Try it — Pictures must not be copied, but every entry must be reproduced exactly.

Information —
= = = = = = =
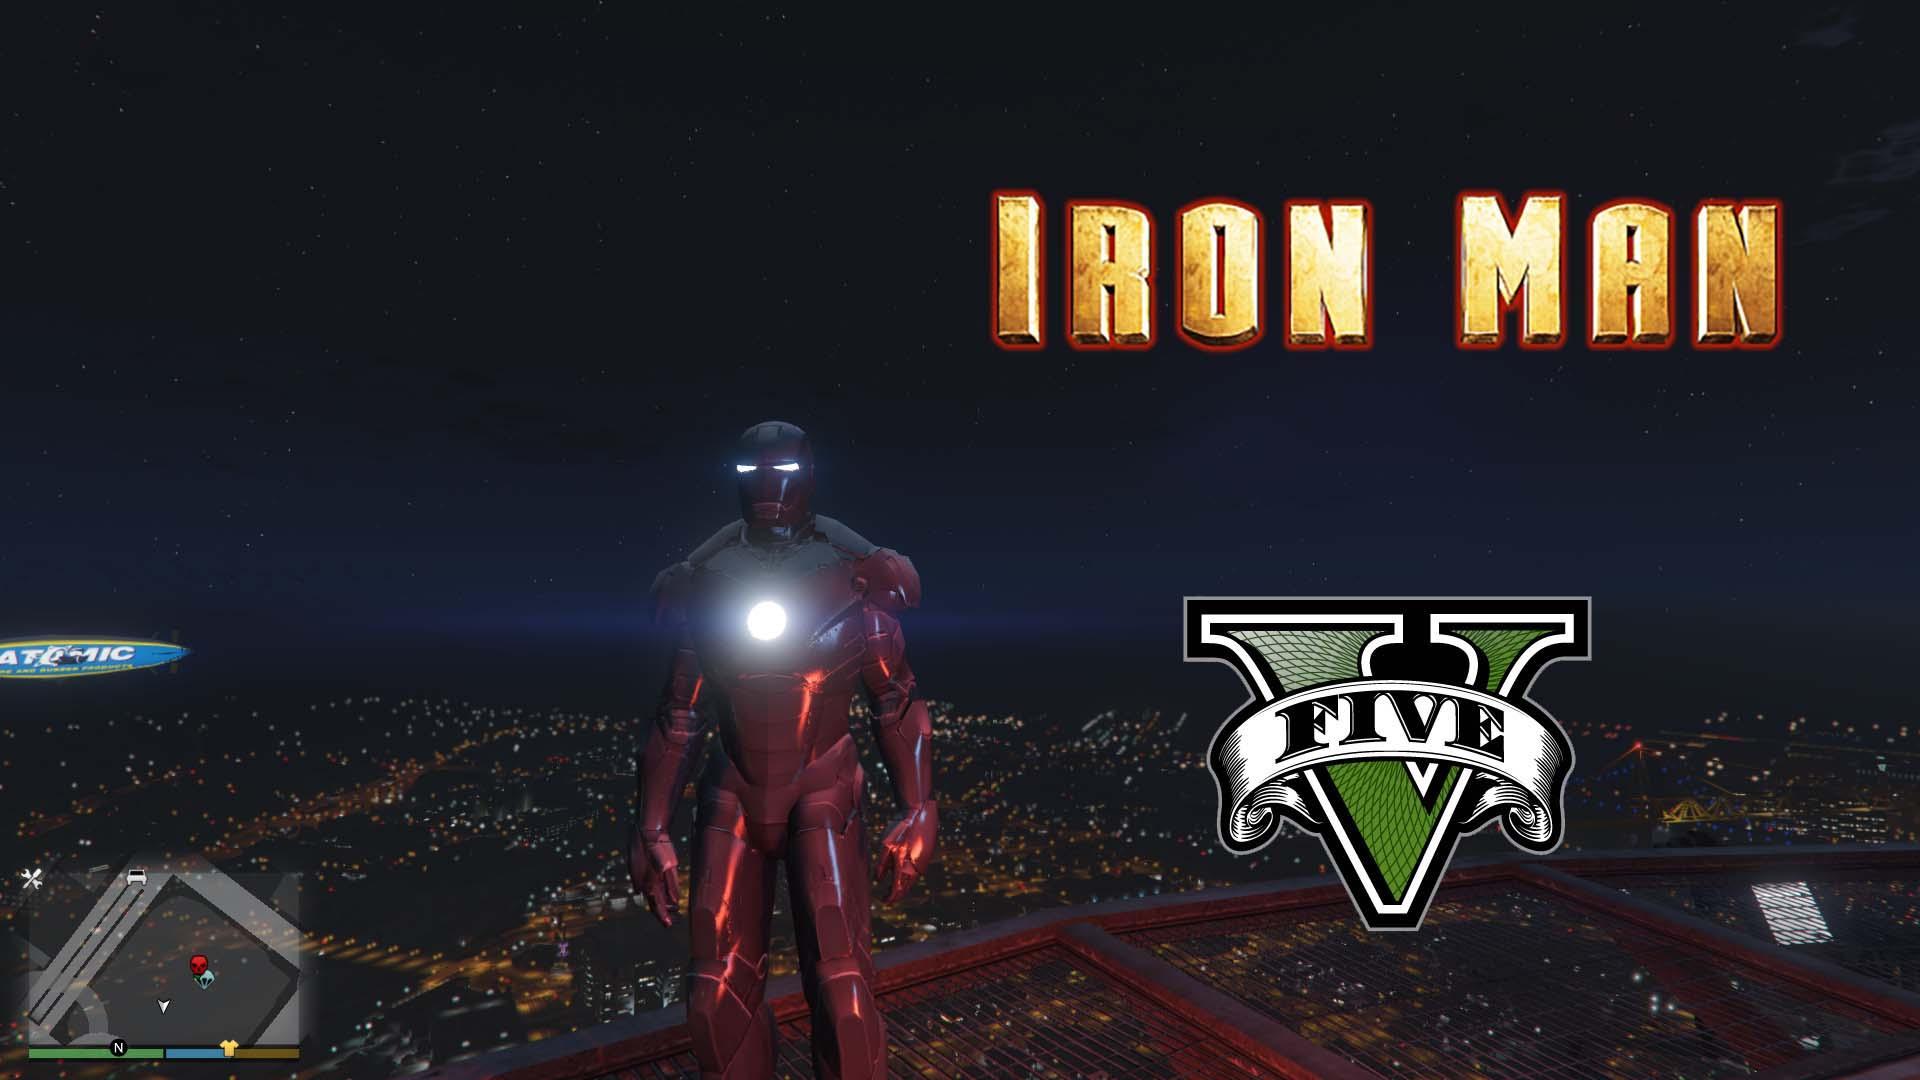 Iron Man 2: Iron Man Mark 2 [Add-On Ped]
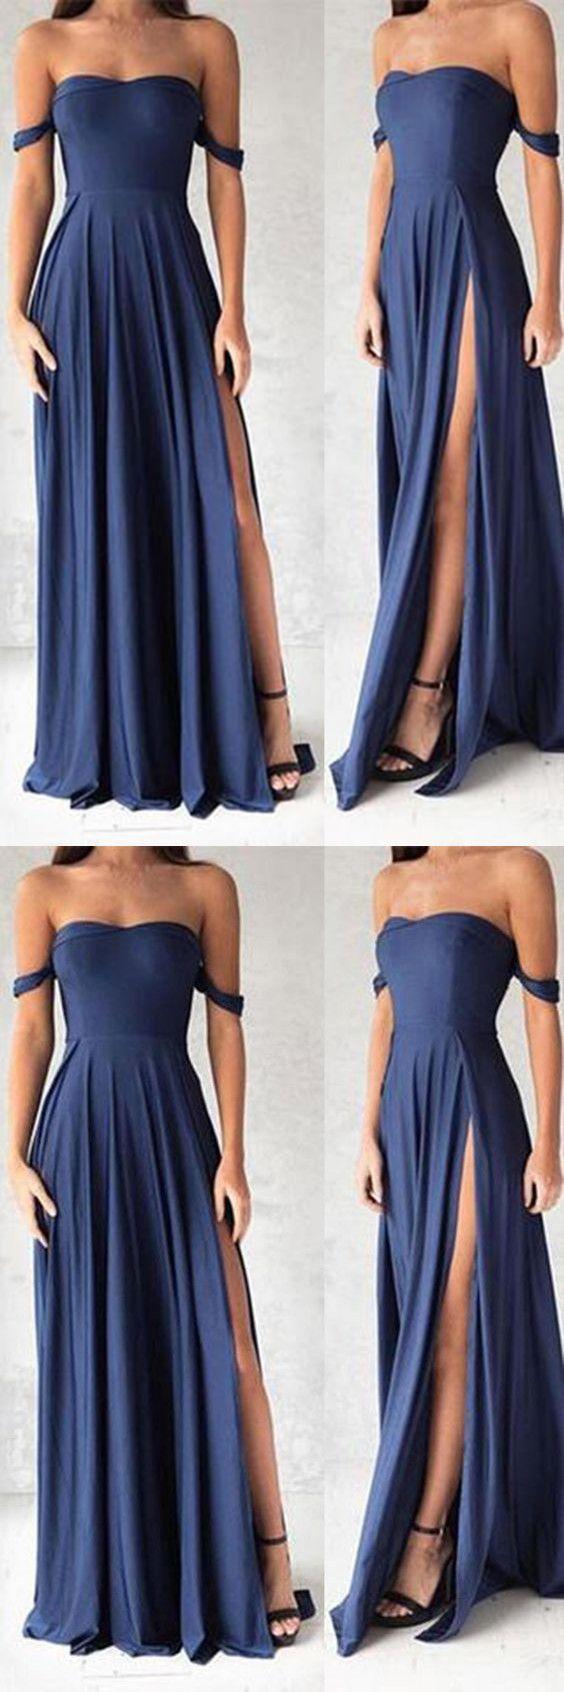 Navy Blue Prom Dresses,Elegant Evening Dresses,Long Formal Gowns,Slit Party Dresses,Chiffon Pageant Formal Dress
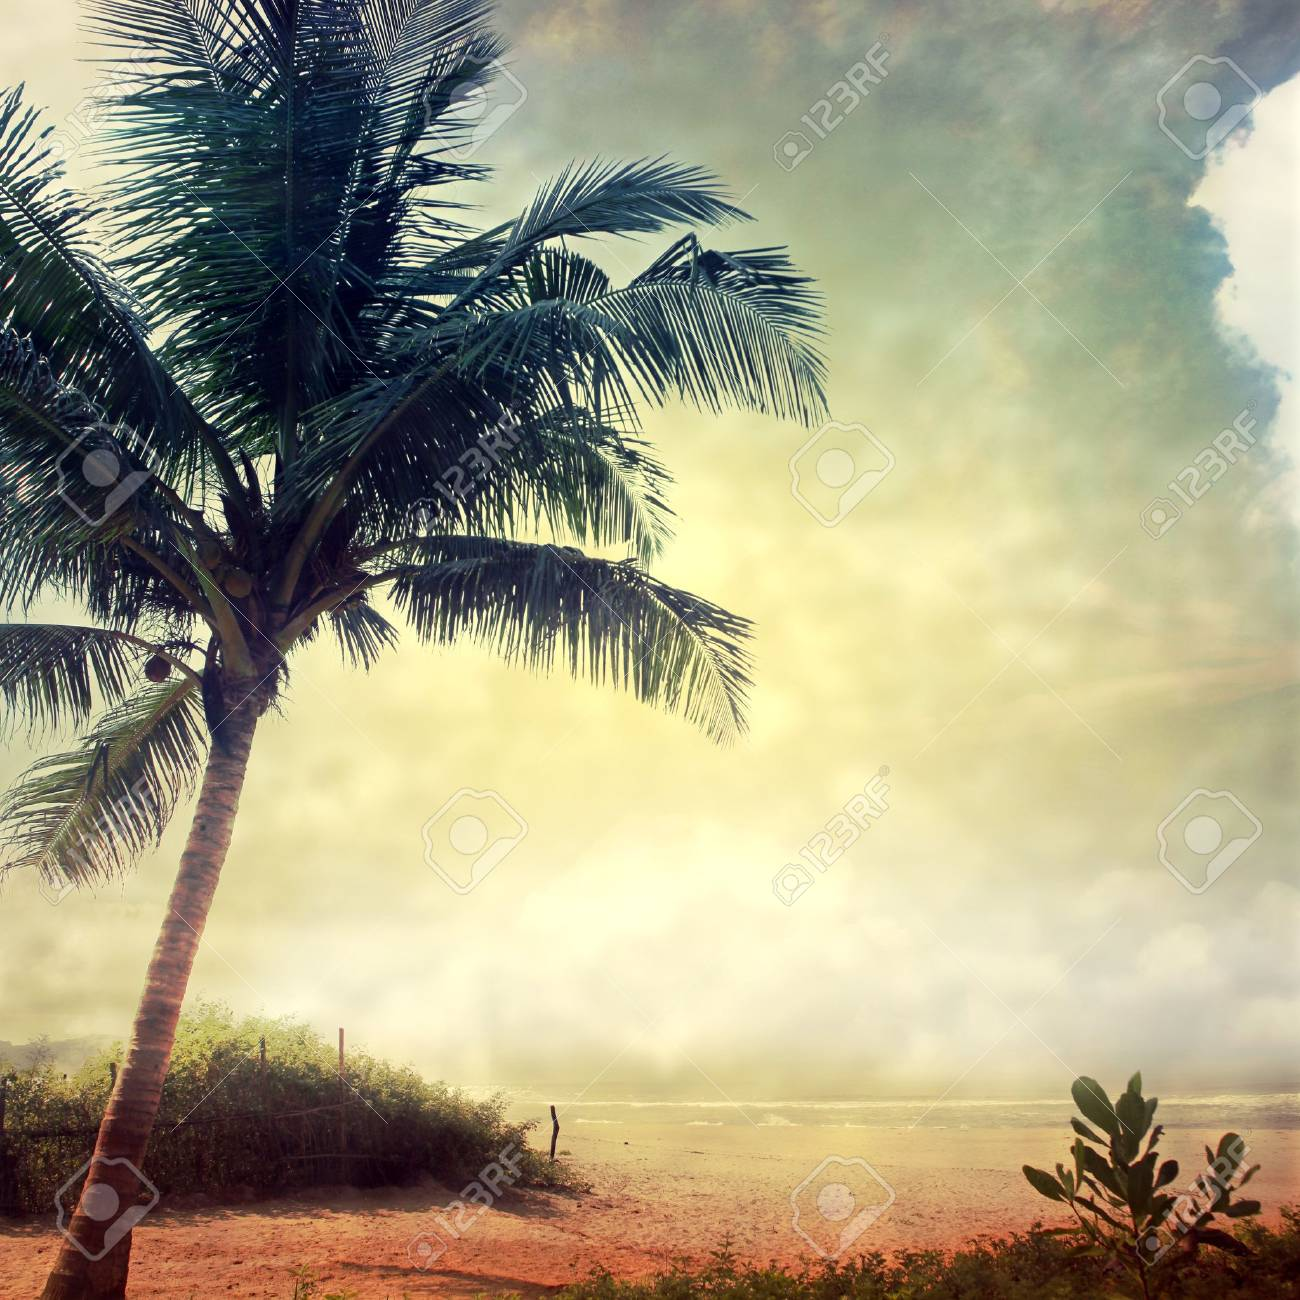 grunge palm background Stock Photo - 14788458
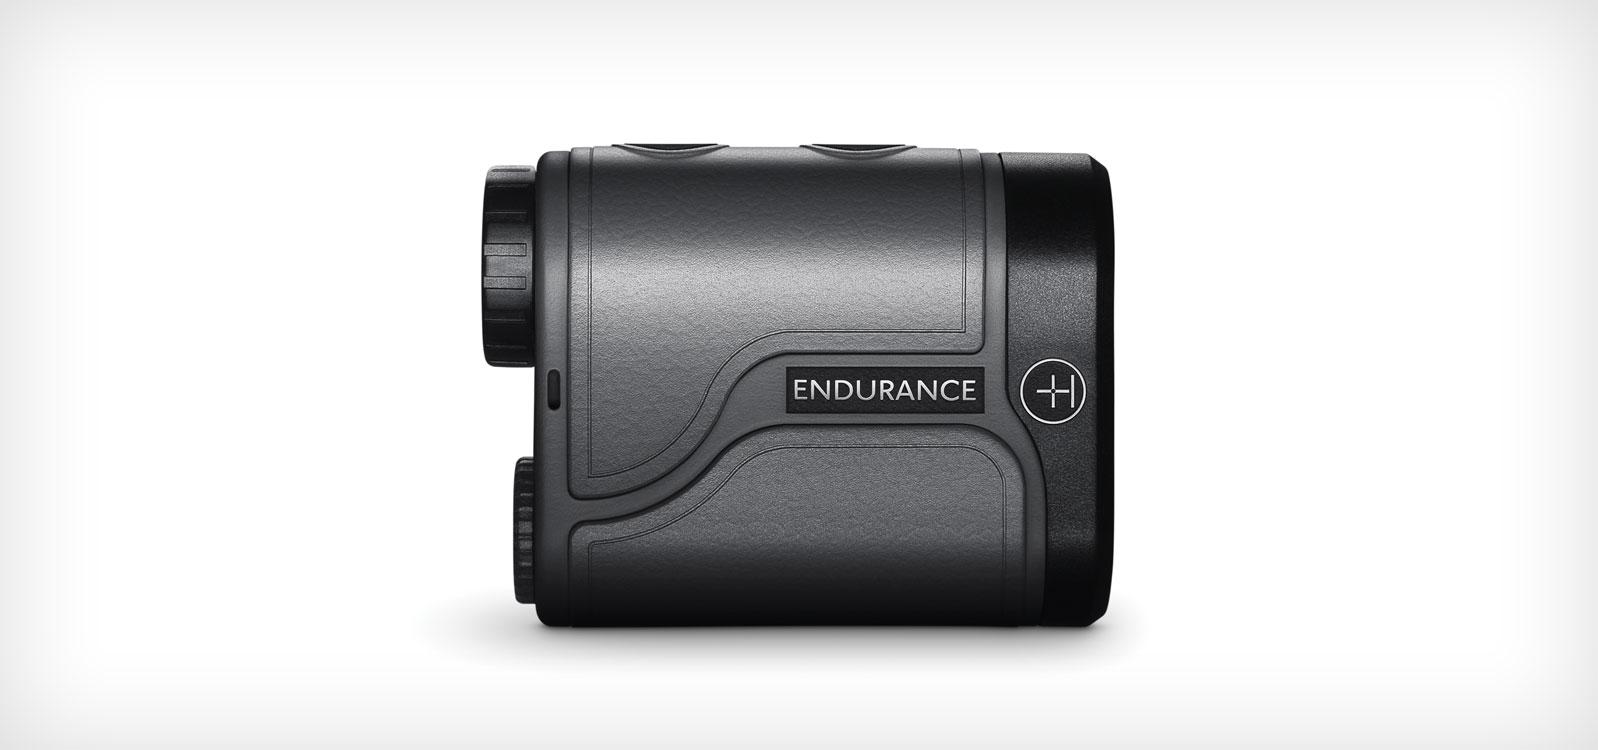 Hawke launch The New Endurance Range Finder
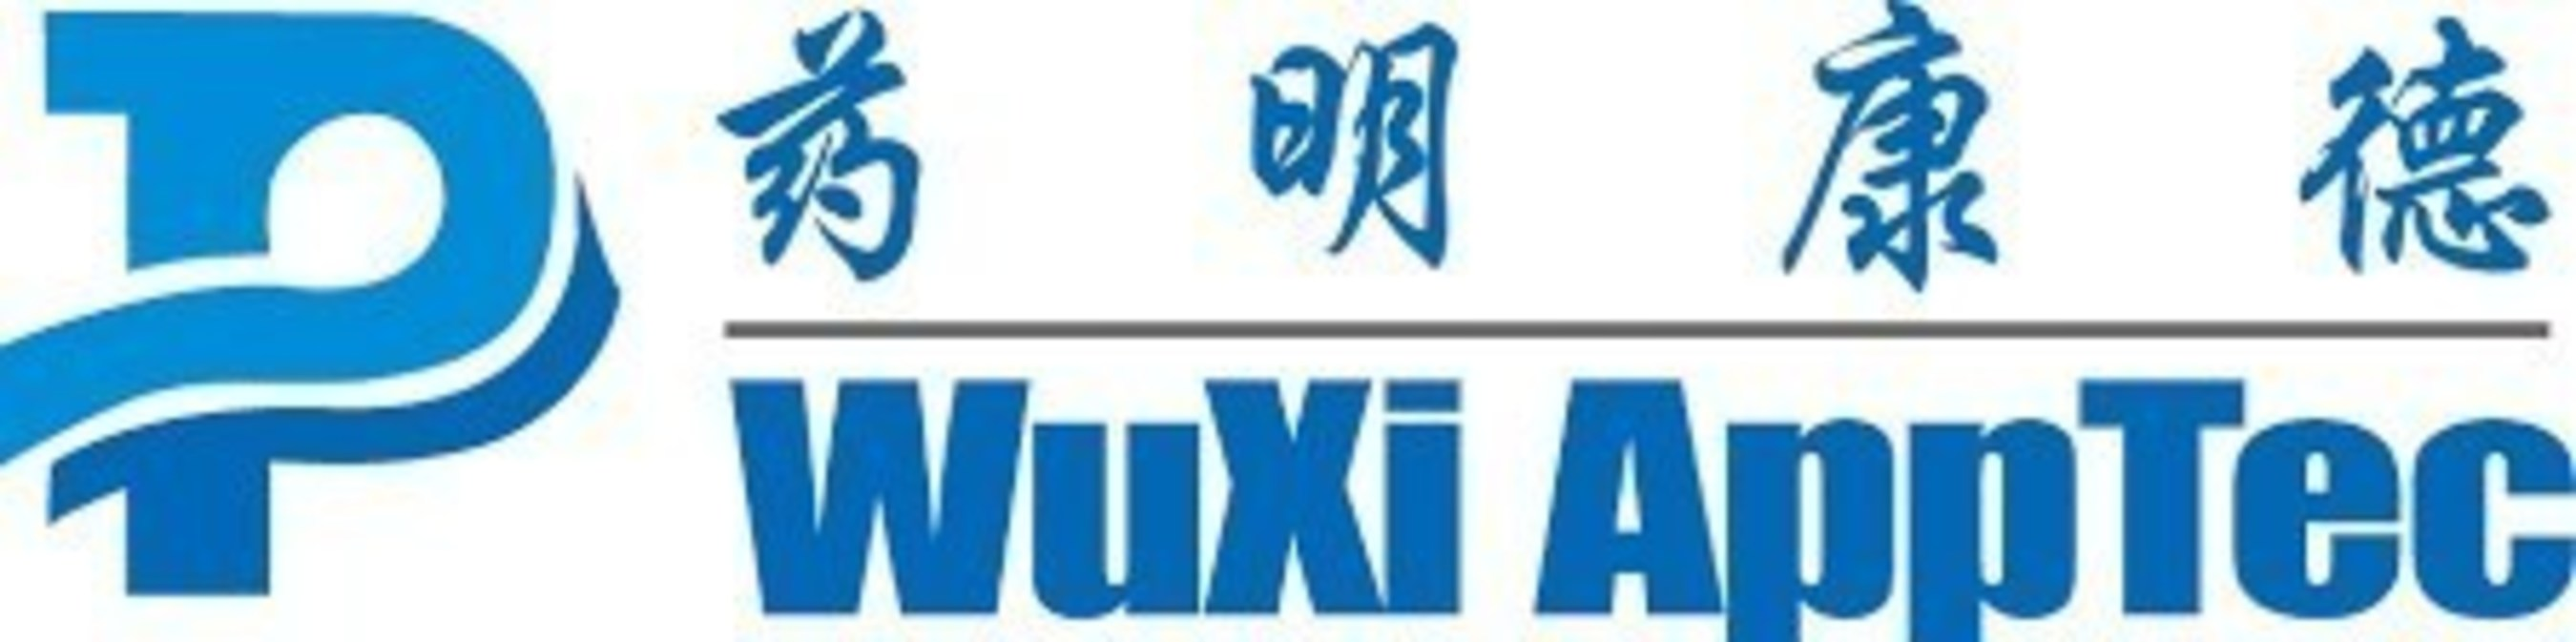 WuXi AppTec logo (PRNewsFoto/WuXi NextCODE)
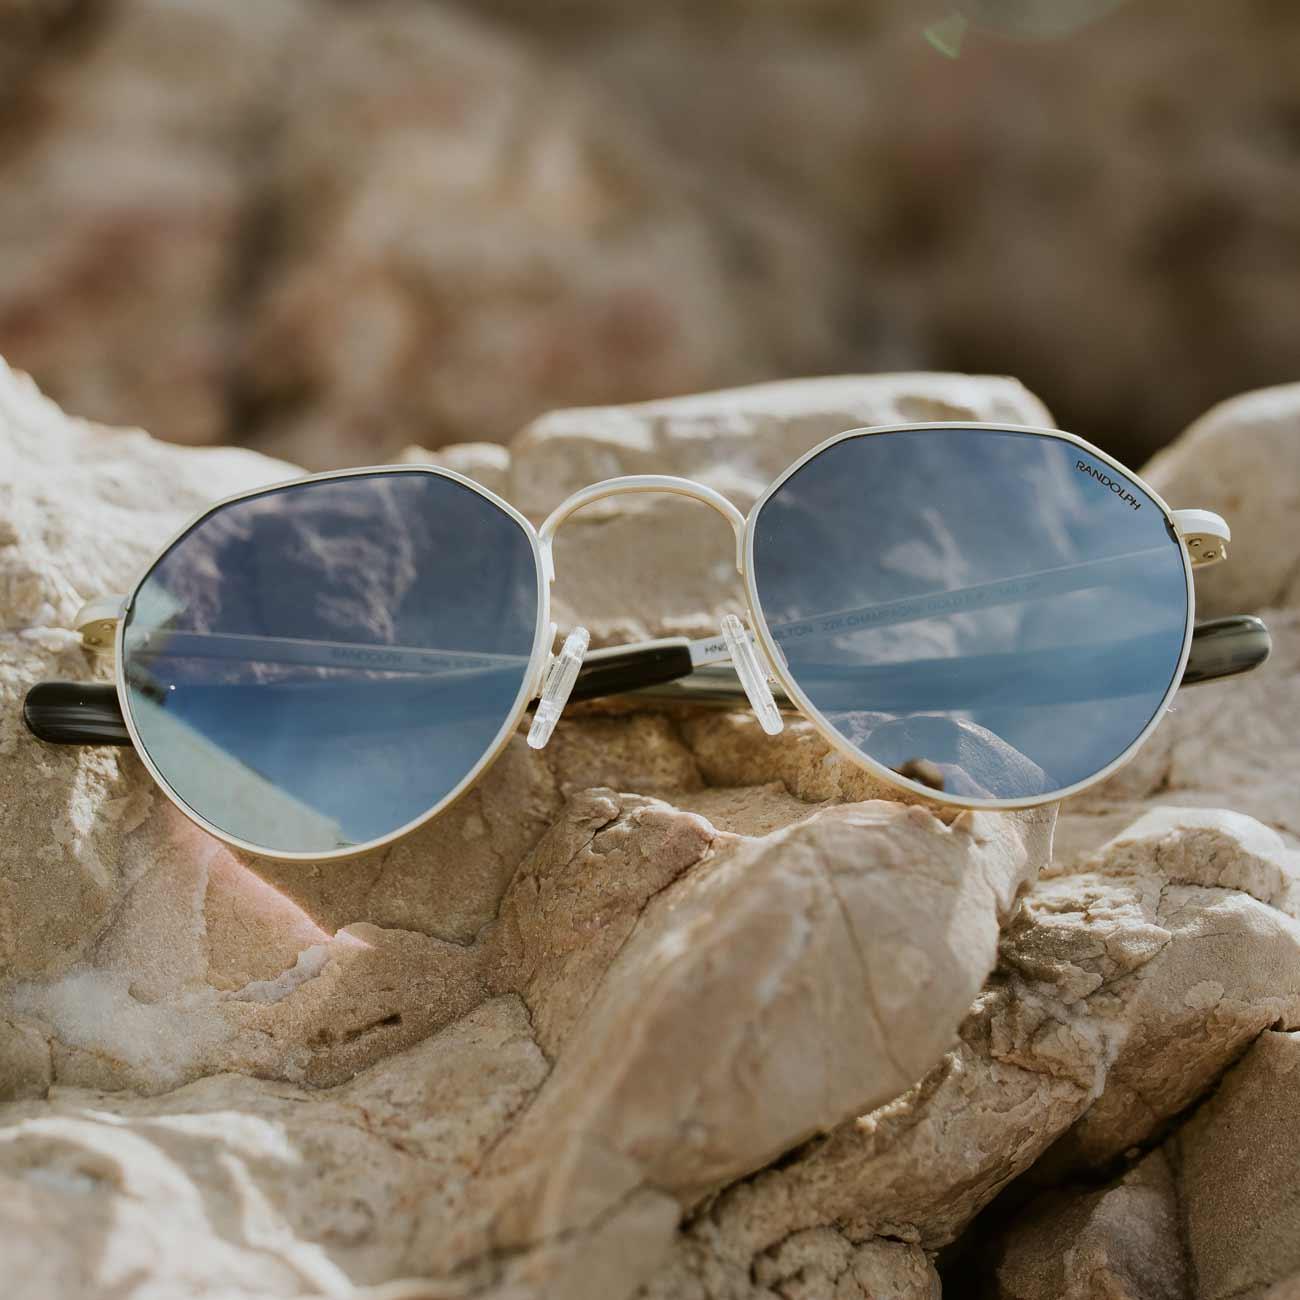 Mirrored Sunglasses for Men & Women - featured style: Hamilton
= = = = = = =
Completed exercise —
 Iron Man 2: Iron Man Mark 2 [Add-On Ped]
 Navy Blue Prom Dresses,Elegant Evening Dresses,Long Formal Gowns,Slit Party Dresses,Chiffon Pageant Formal Dress
 grunge palm background Stock Photo - 14788458
 Hawke launch The New Endurance Range Finder
 WuXi AppTec logo (PRNewsFoto/WuXi NextCODE)
 Mirrored Sunglasses for Men & Women - featured style: Hamilton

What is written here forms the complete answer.